Nazih Girgis mixes classical music, ballet and children’s books to build a better citizen

By Yasmine Nazmy

Passionate about children, education and development, Nazih Girgis is, above all, a storyteller. He first became involved in musical education and literature in the late 1980s, when he translated Sergei Prokofiev’s Peter and the Wolf into Arabic.

“Music has played a great role in my life as a child and as an adult, so I’ve always believed that music is education. It’s a medium that lifts the minds and hearts of people — it brings about understanding and culture ties,” says Girgis.

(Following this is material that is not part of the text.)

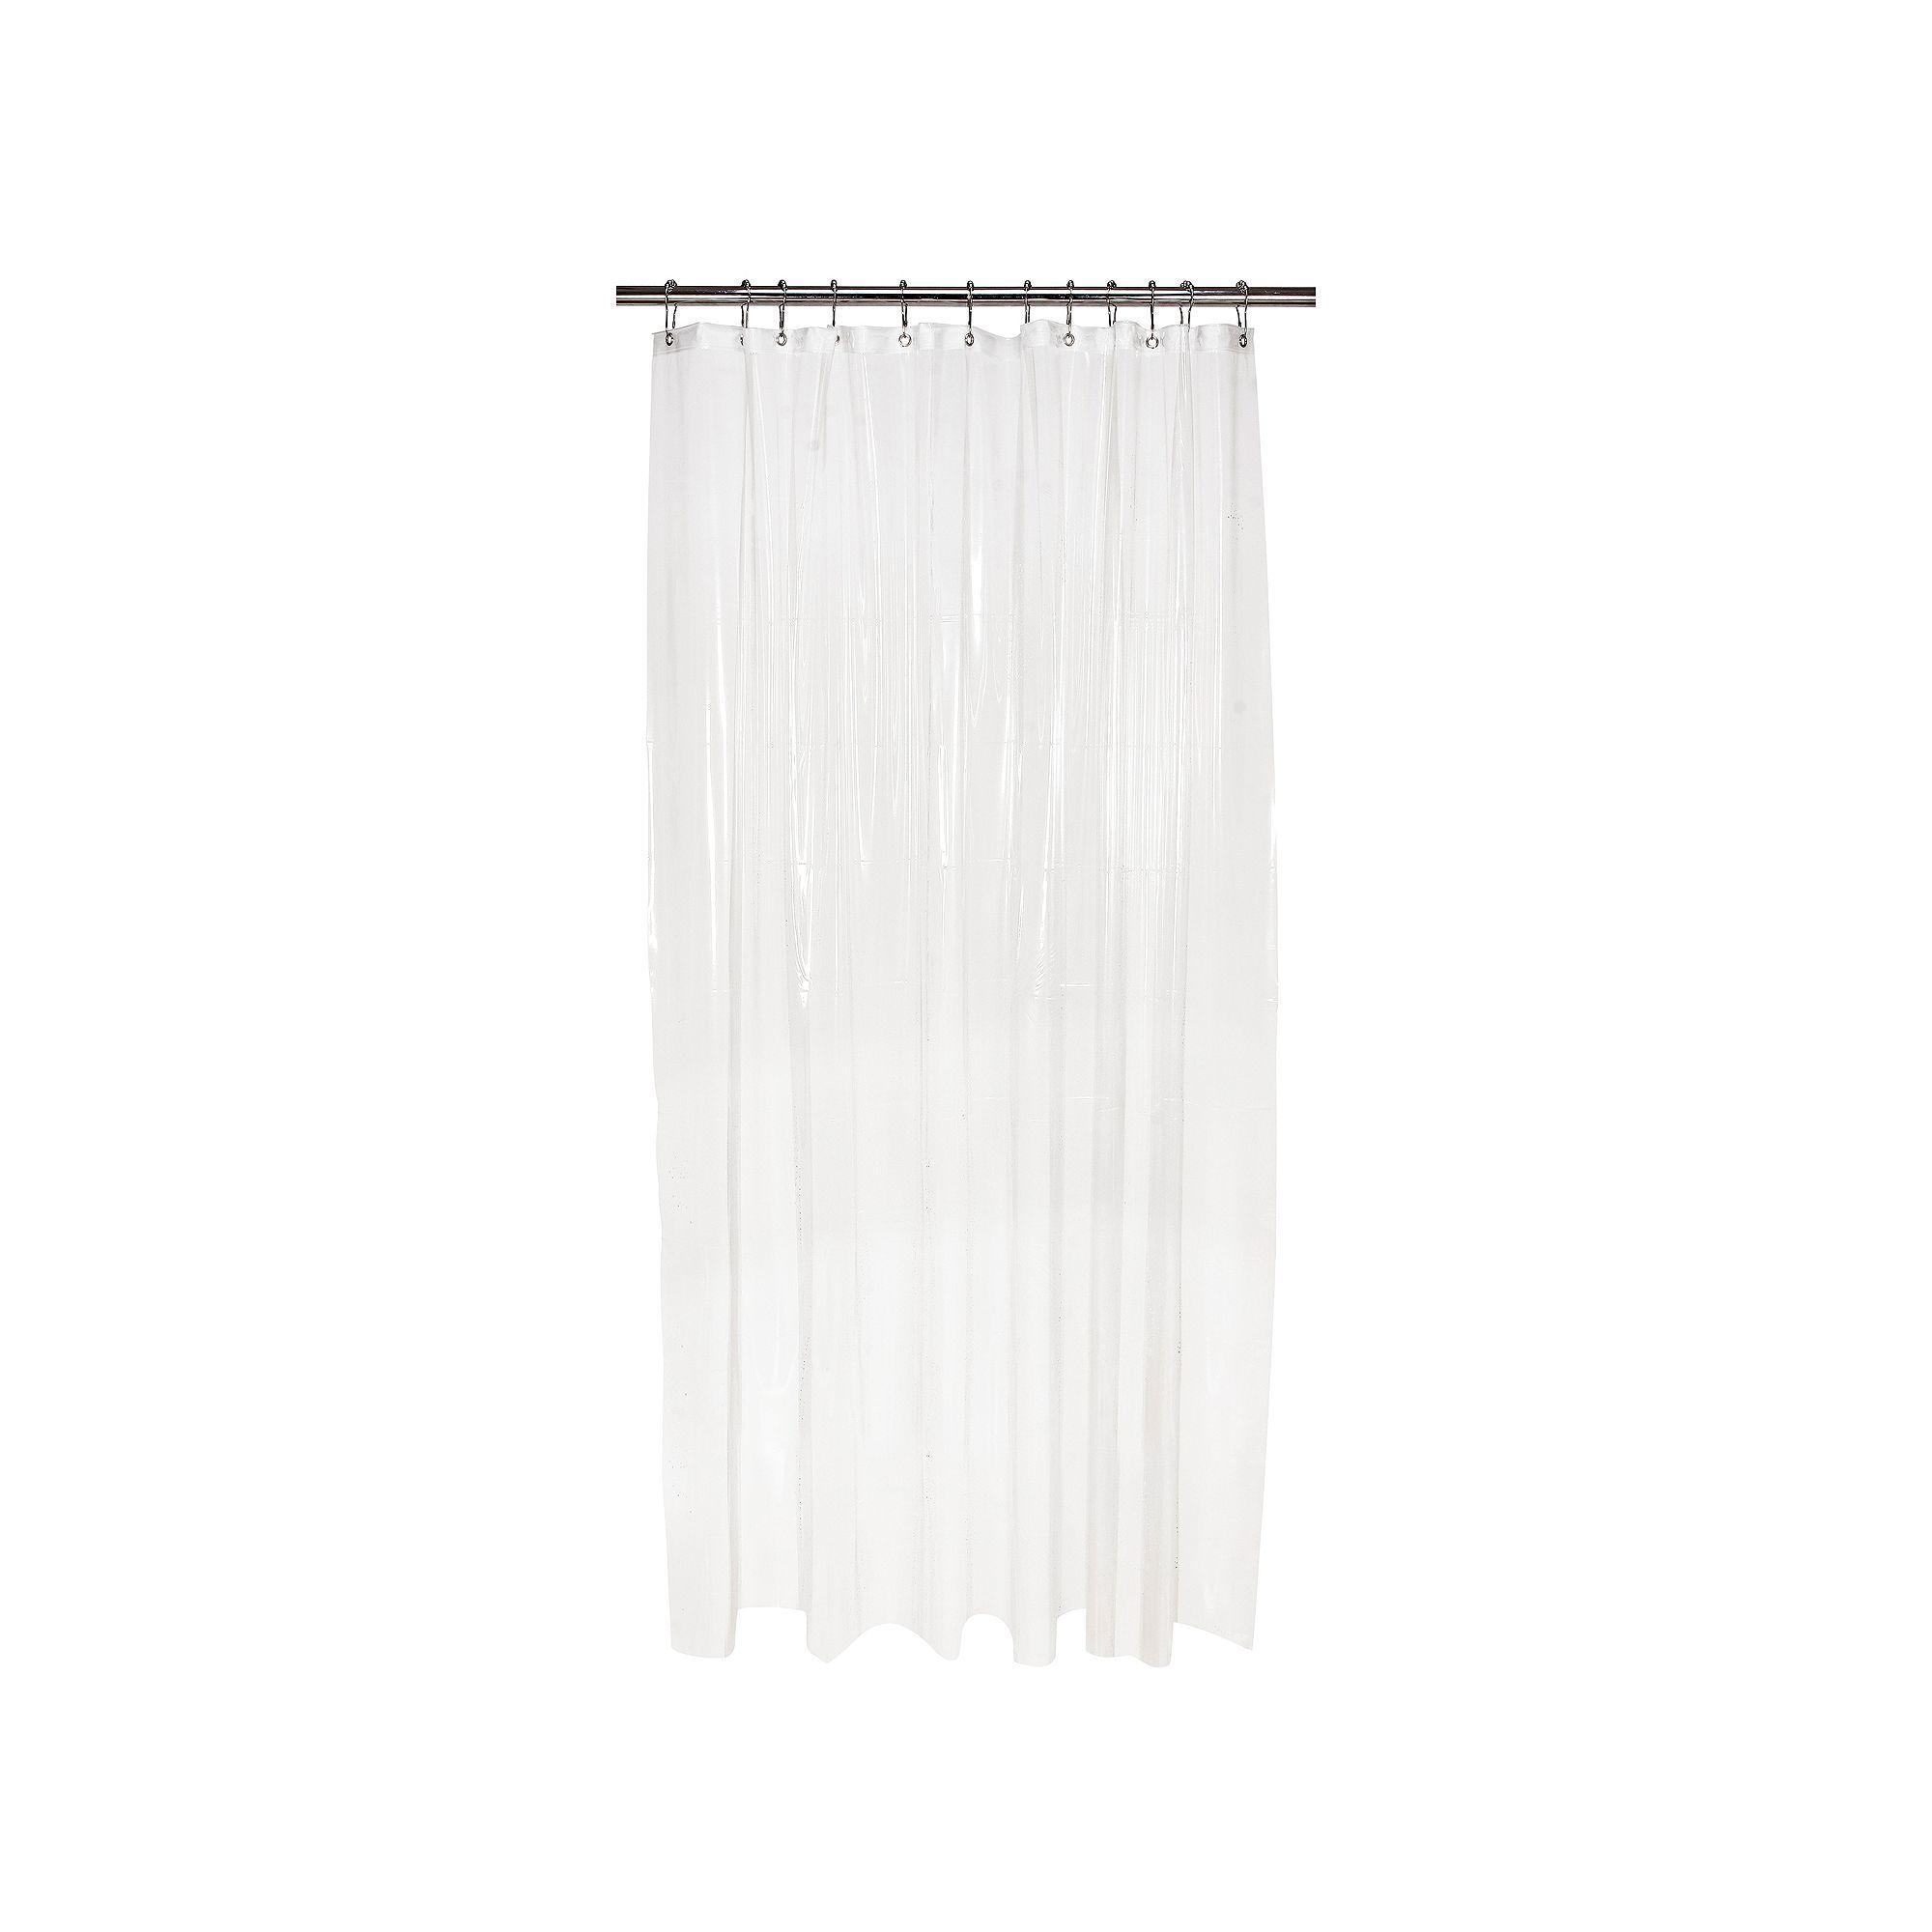 Bath Bliss Mildew Blocker Heavy Gauge Shower Curtain Liner Mold In Bathroom Wall Molding Molding Ceiling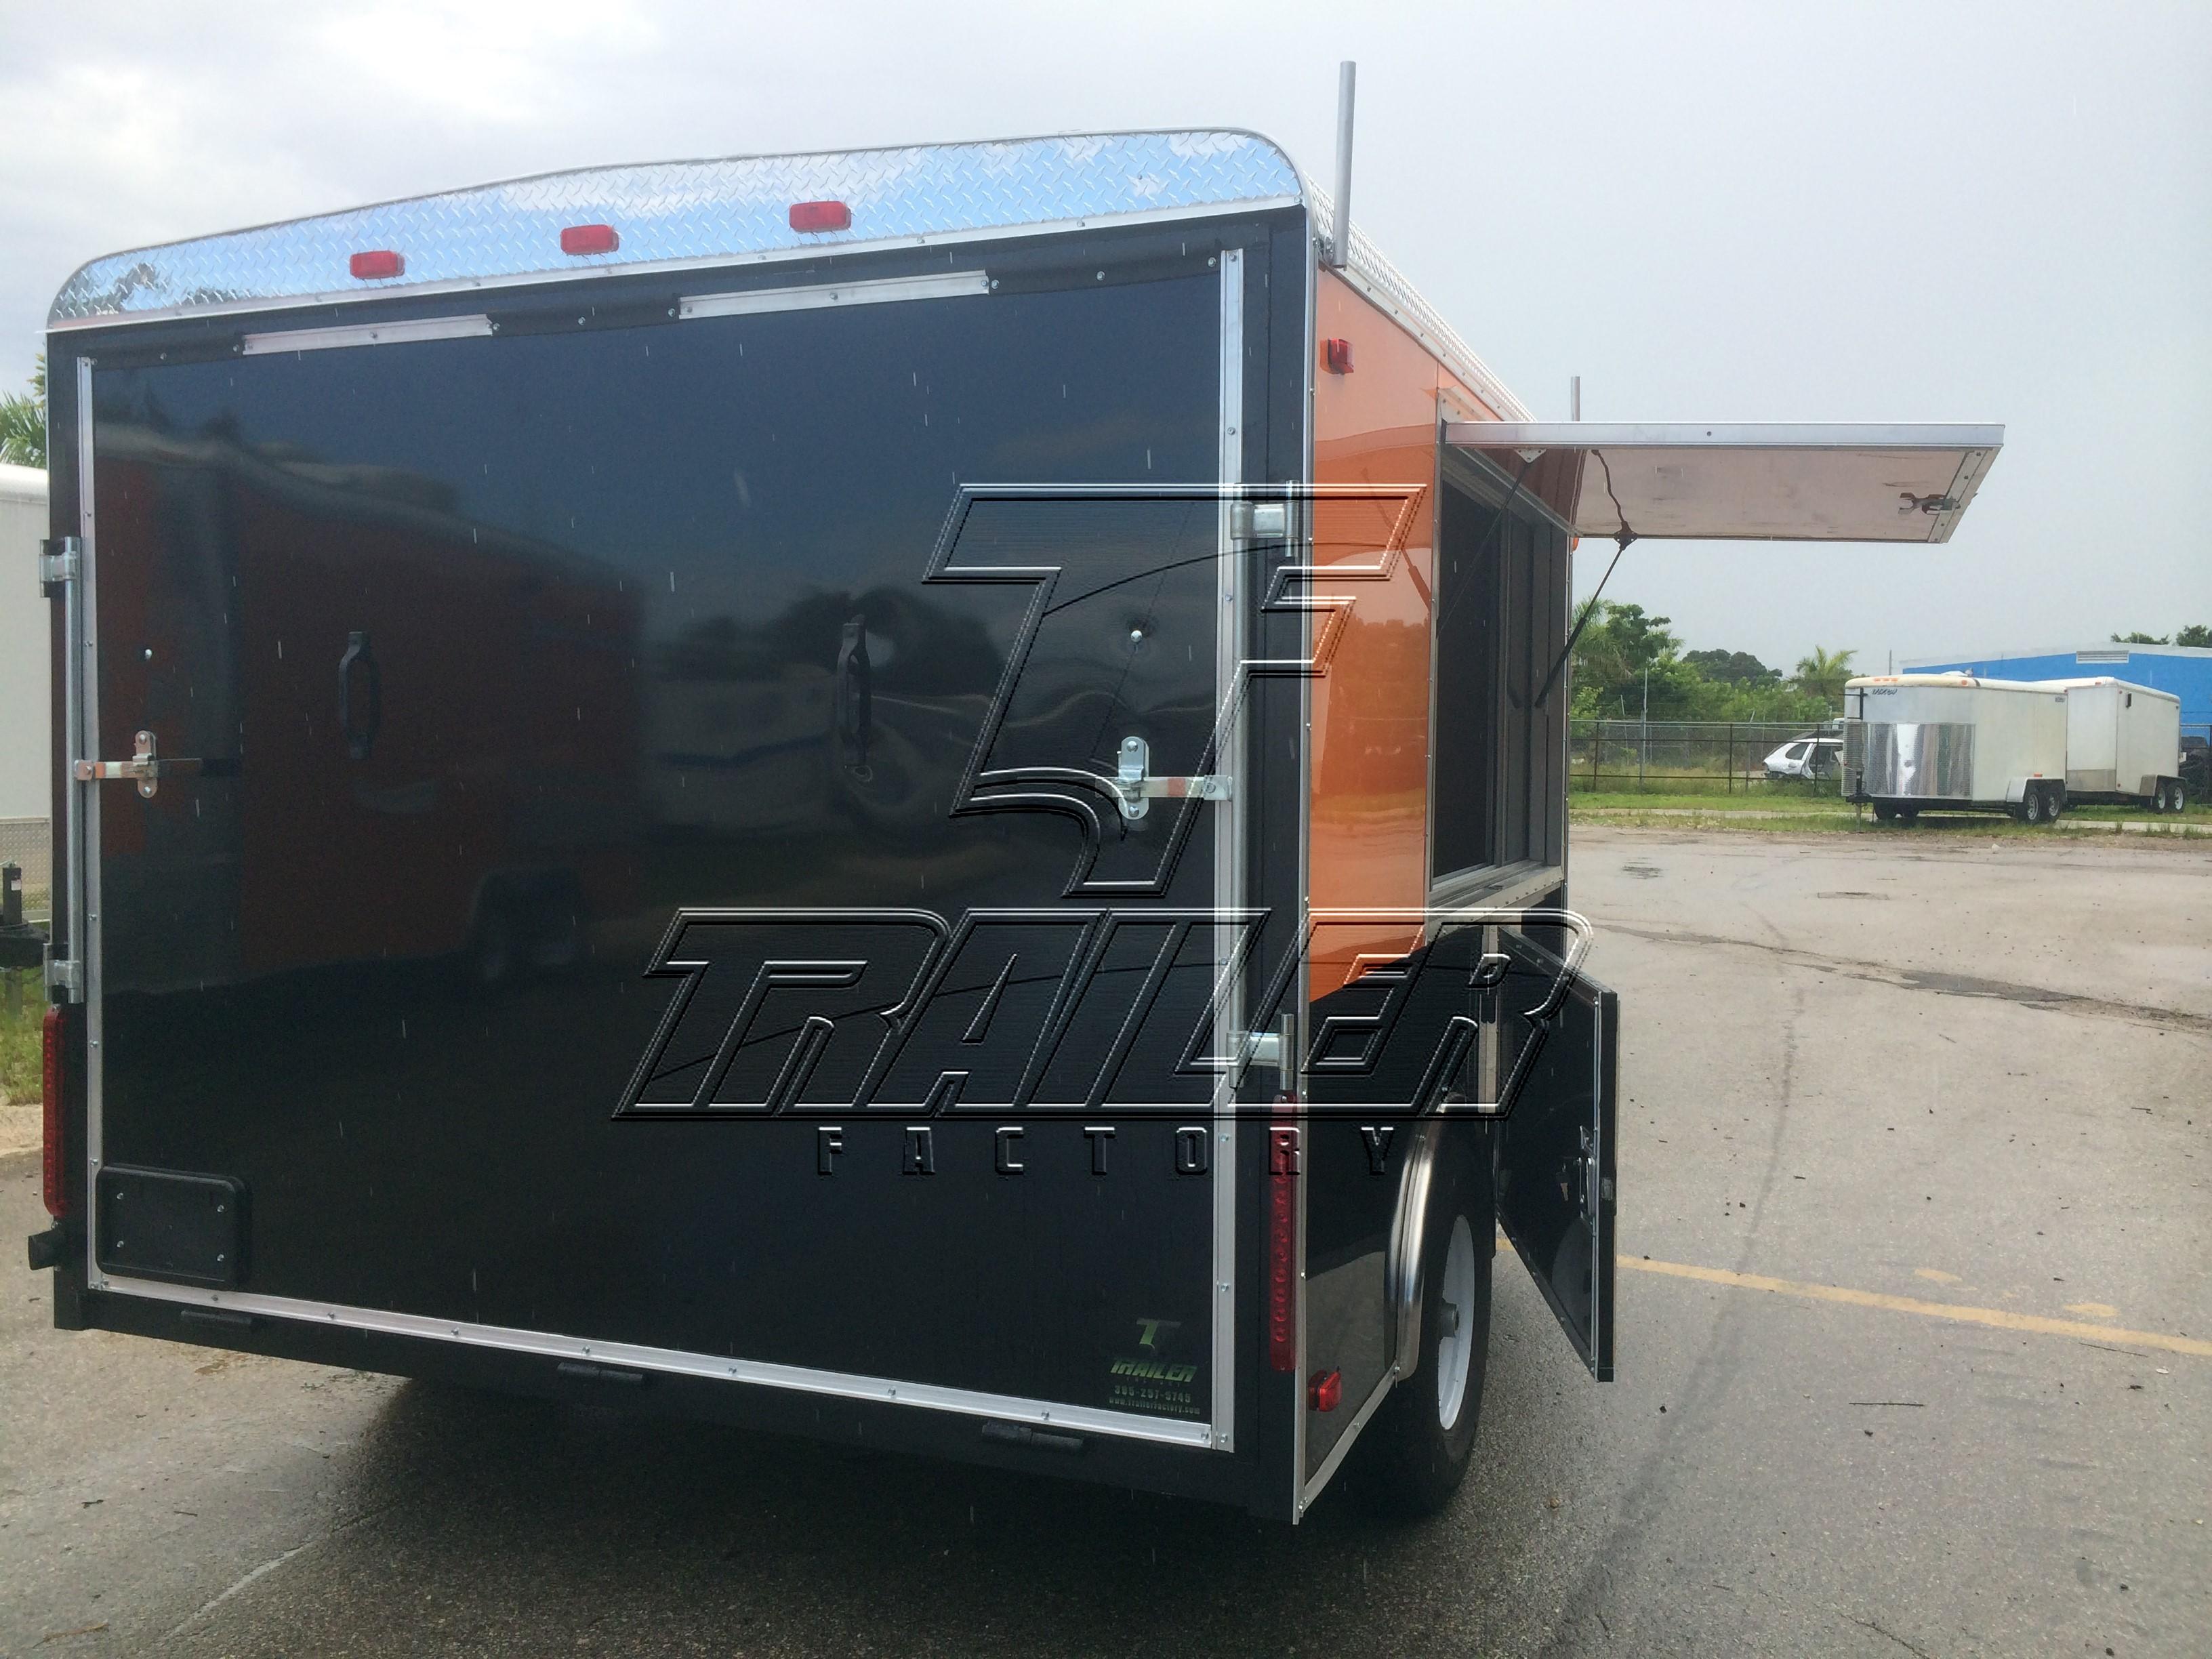 8 6x18 Tandem Axle Merchandiser Trailer Trailer Factory

It can also teach children healthy, responsible lifestyles and good citizenship. His four books, which he packages as the Children’s Integrated Awareness Program, address the environment, water conservation, road safety and proper nutrition. His books about the environment and water conservation have been set to classical music and dramatized in ballets presented around Egypt.

“I always say: get me a terrorist who loves music or who has any appreciation for any kind of art. Or get me a person who loves music and that can turn into a violent person,” says Girgis, 67. “Beethoven said: ‘I despise a man who does not believe that music is a higher revelation than all wisdom and philosophy,’ and I believe that.”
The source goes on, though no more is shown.